— INPUT MATERIAL —
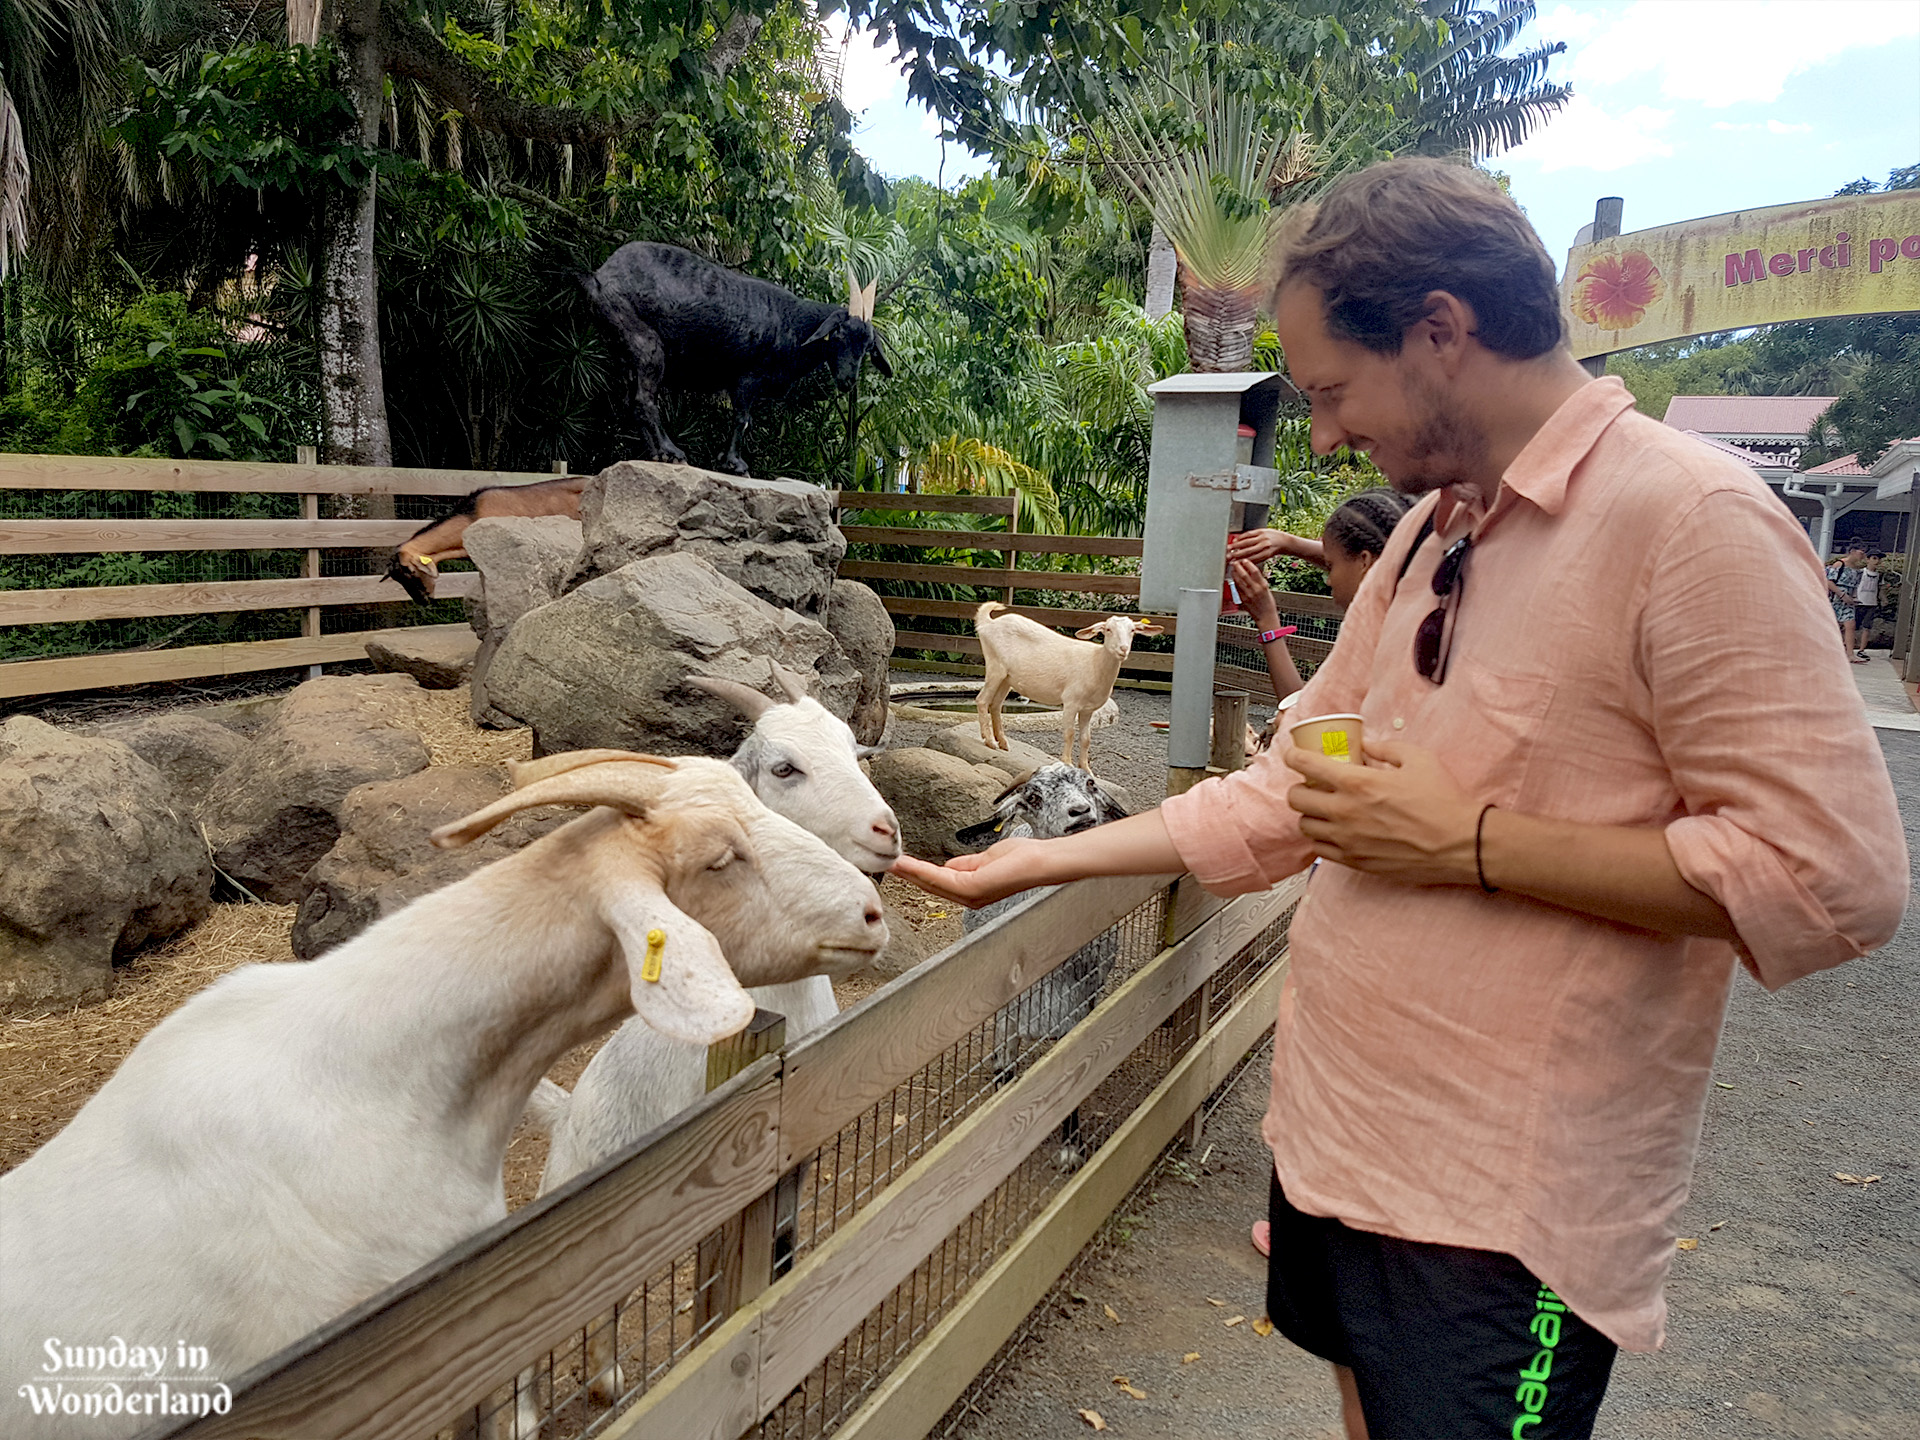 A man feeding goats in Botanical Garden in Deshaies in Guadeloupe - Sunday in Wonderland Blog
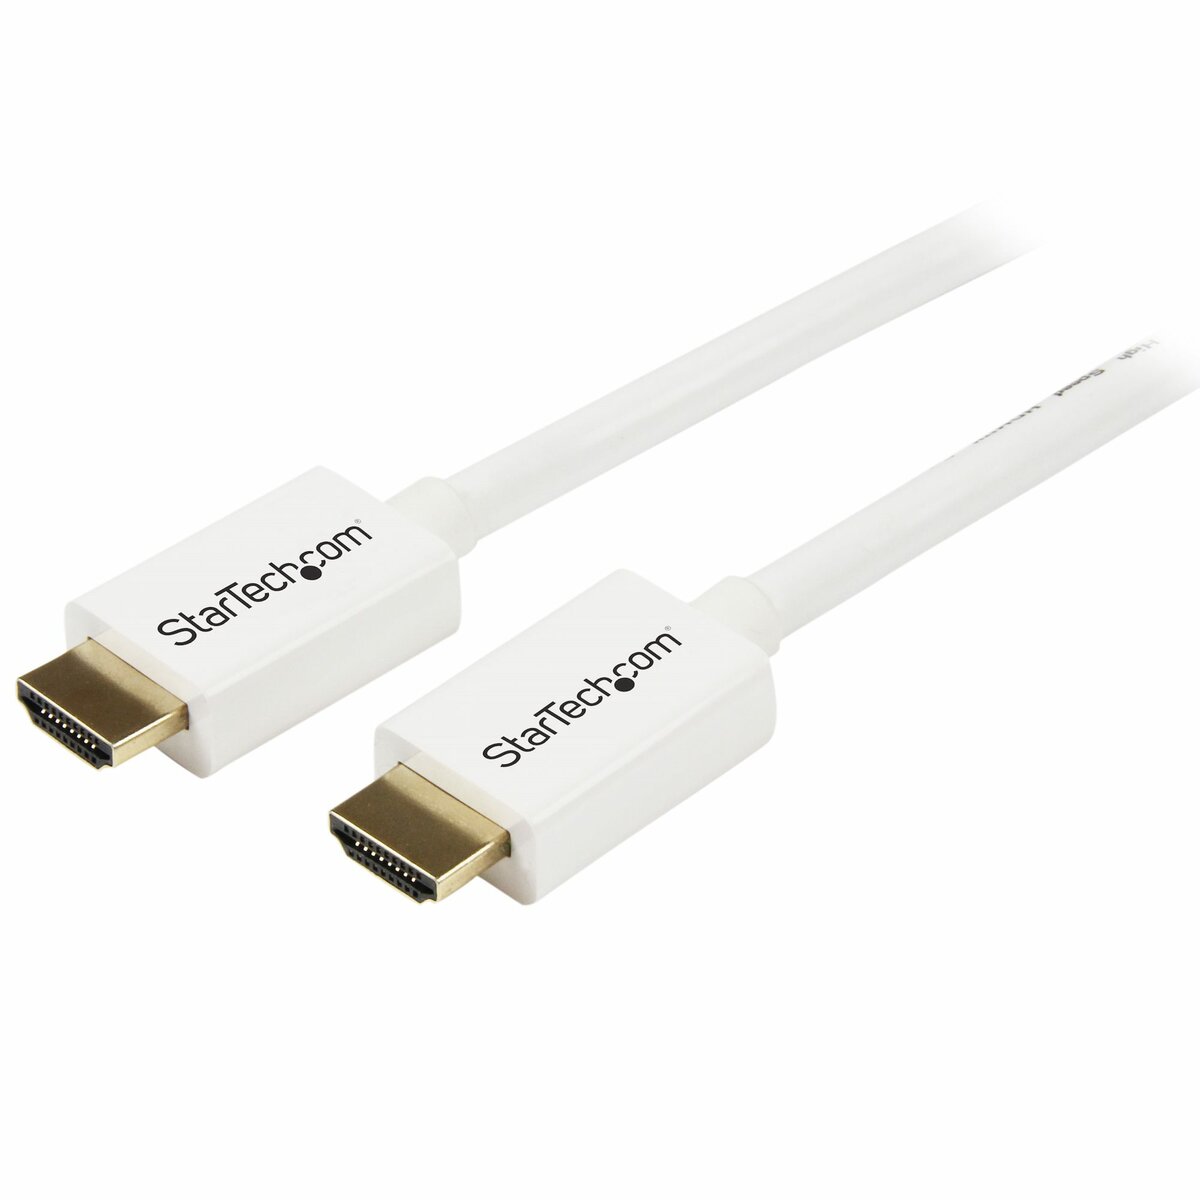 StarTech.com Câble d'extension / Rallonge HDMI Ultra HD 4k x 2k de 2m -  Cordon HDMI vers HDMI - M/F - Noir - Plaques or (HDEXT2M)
...
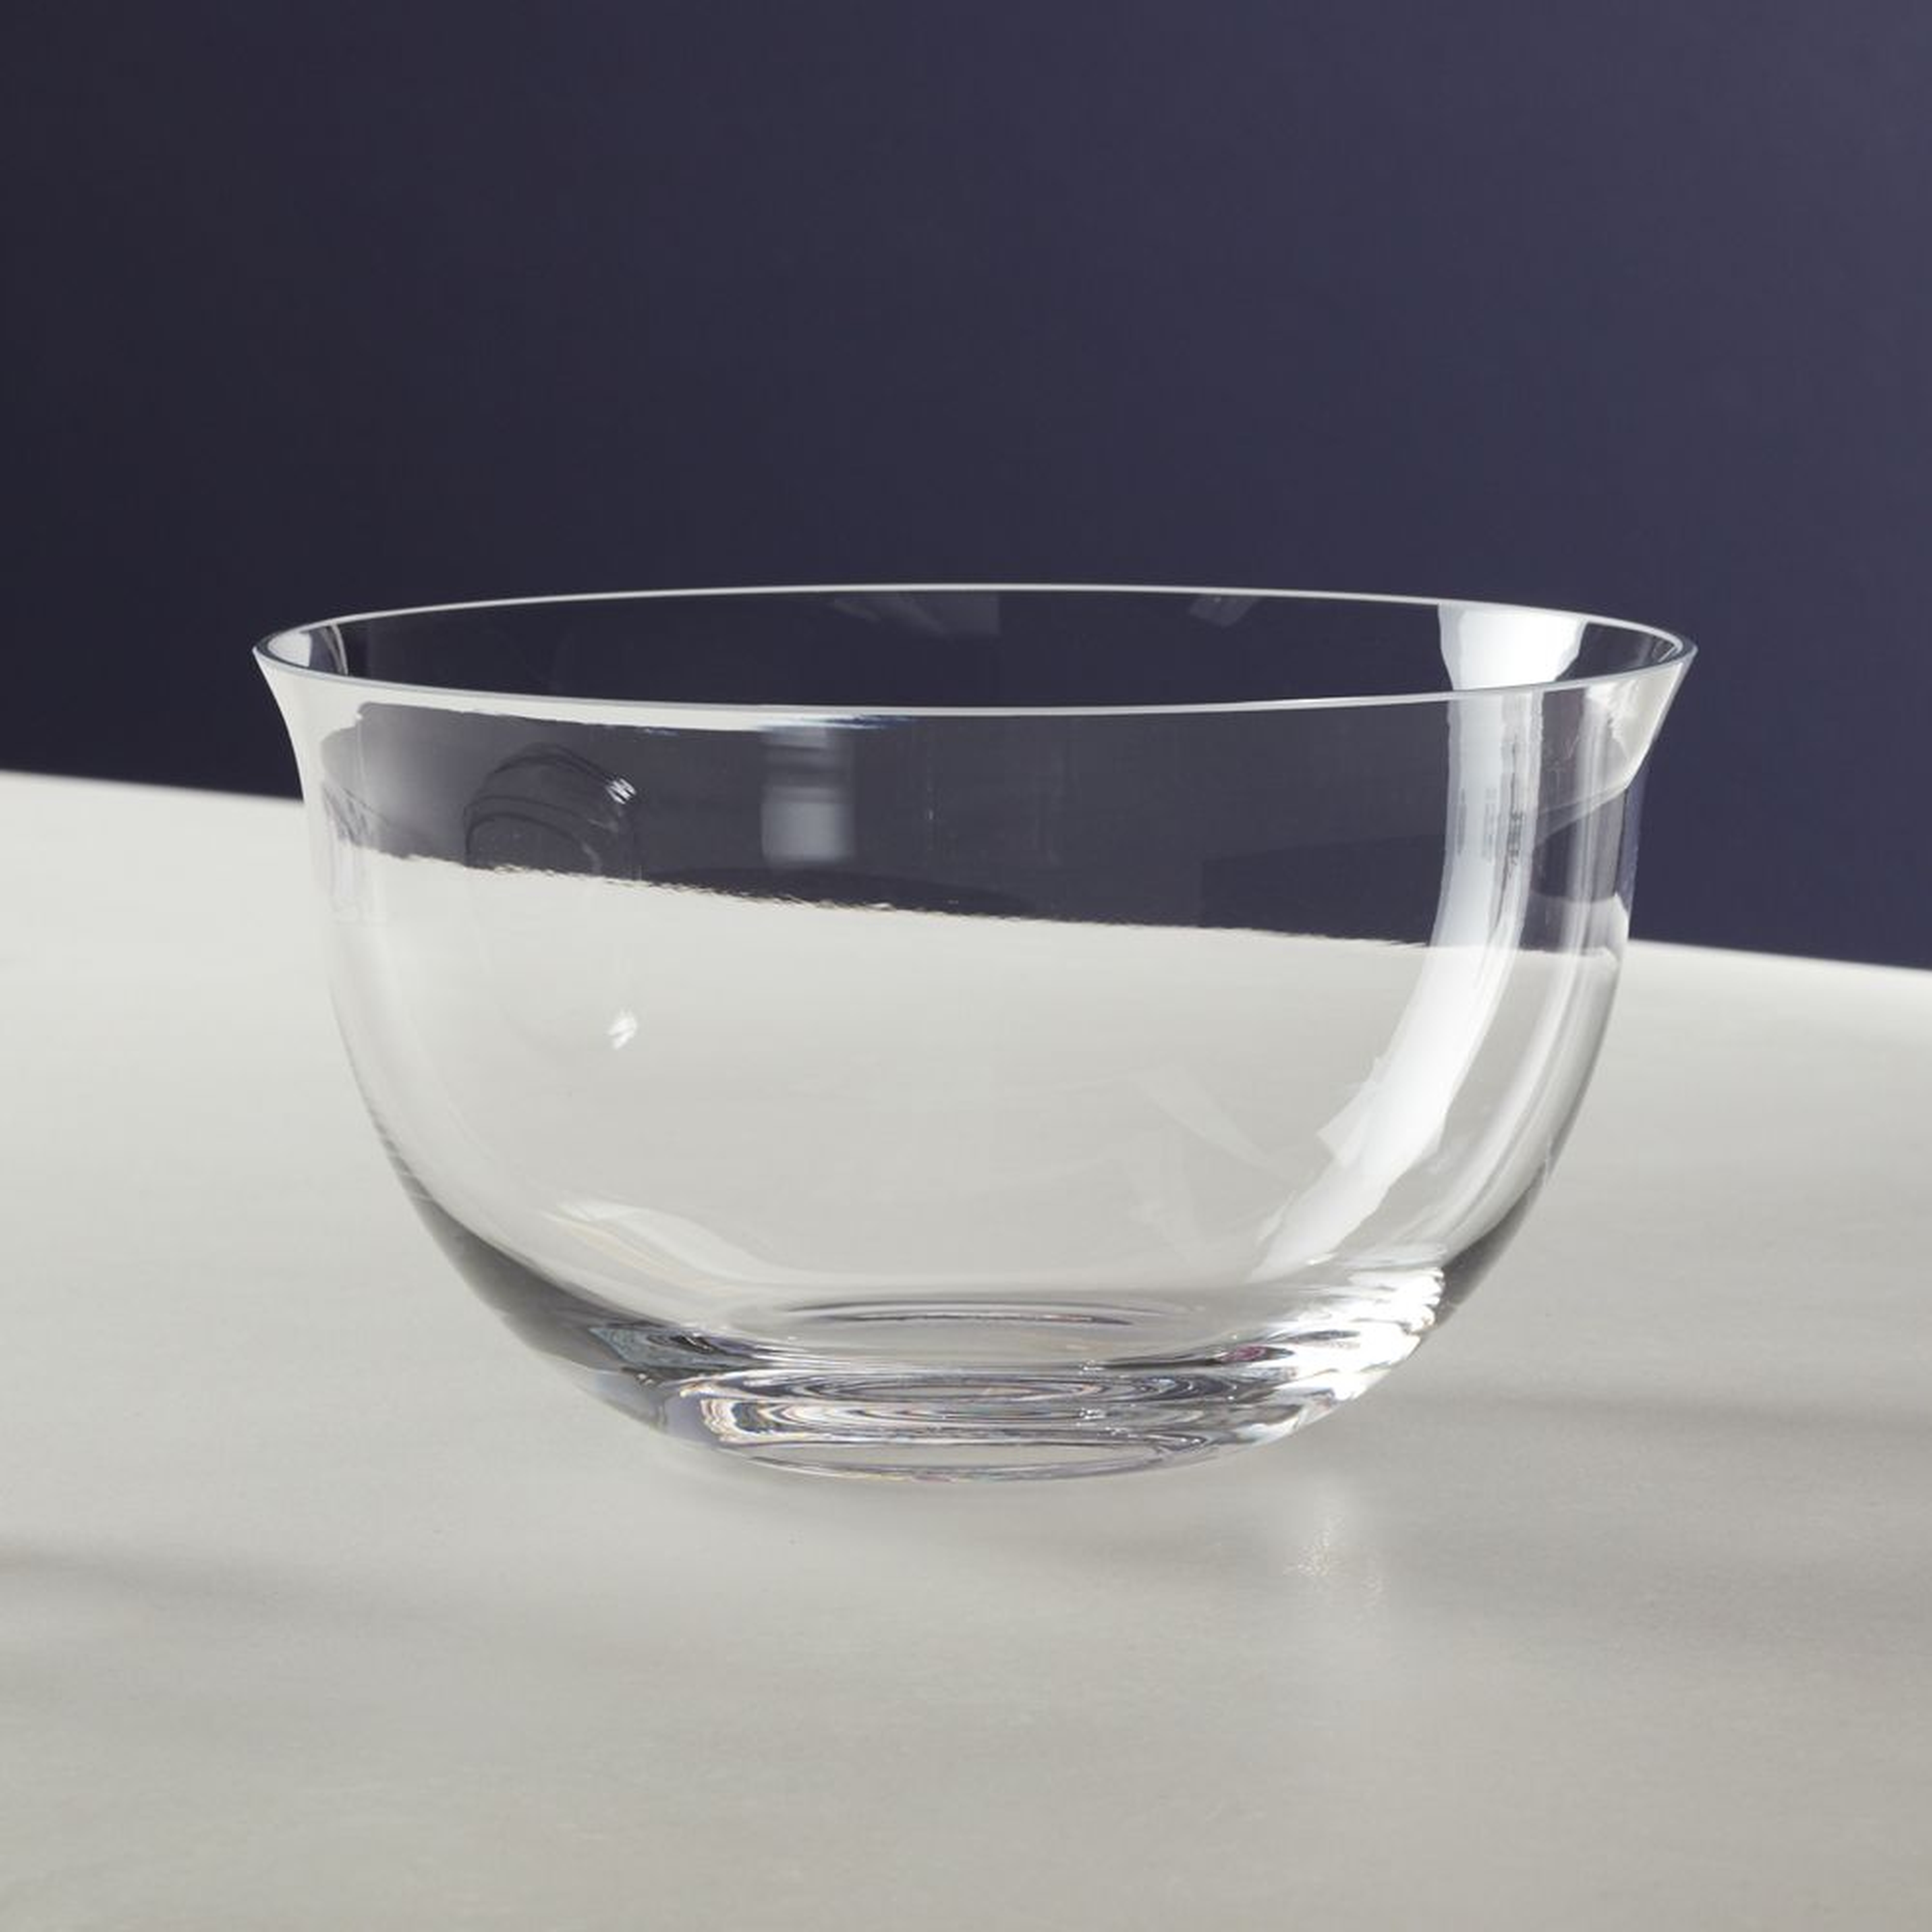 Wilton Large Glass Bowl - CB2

— PROBLEM TO WORK ON —
Although the records above contain pictures, the copy should not; retype exactly the lines from the one containing "A man feeding" through the one containing "StarTech.com Câble d'extension".

— FINISHED EXERCISE —
 A man feeding goats in Botanical Garden in Deshaies in Guadeloupe - Sunday in Wonderland Blog
 StarTech.com Câble d'extension / Rallonge HDMI Ultra HD 4k x 2k de 2m -  Cordon HDMI vers HDMI - M/F - Noir - Plaques or (HDEXT2M)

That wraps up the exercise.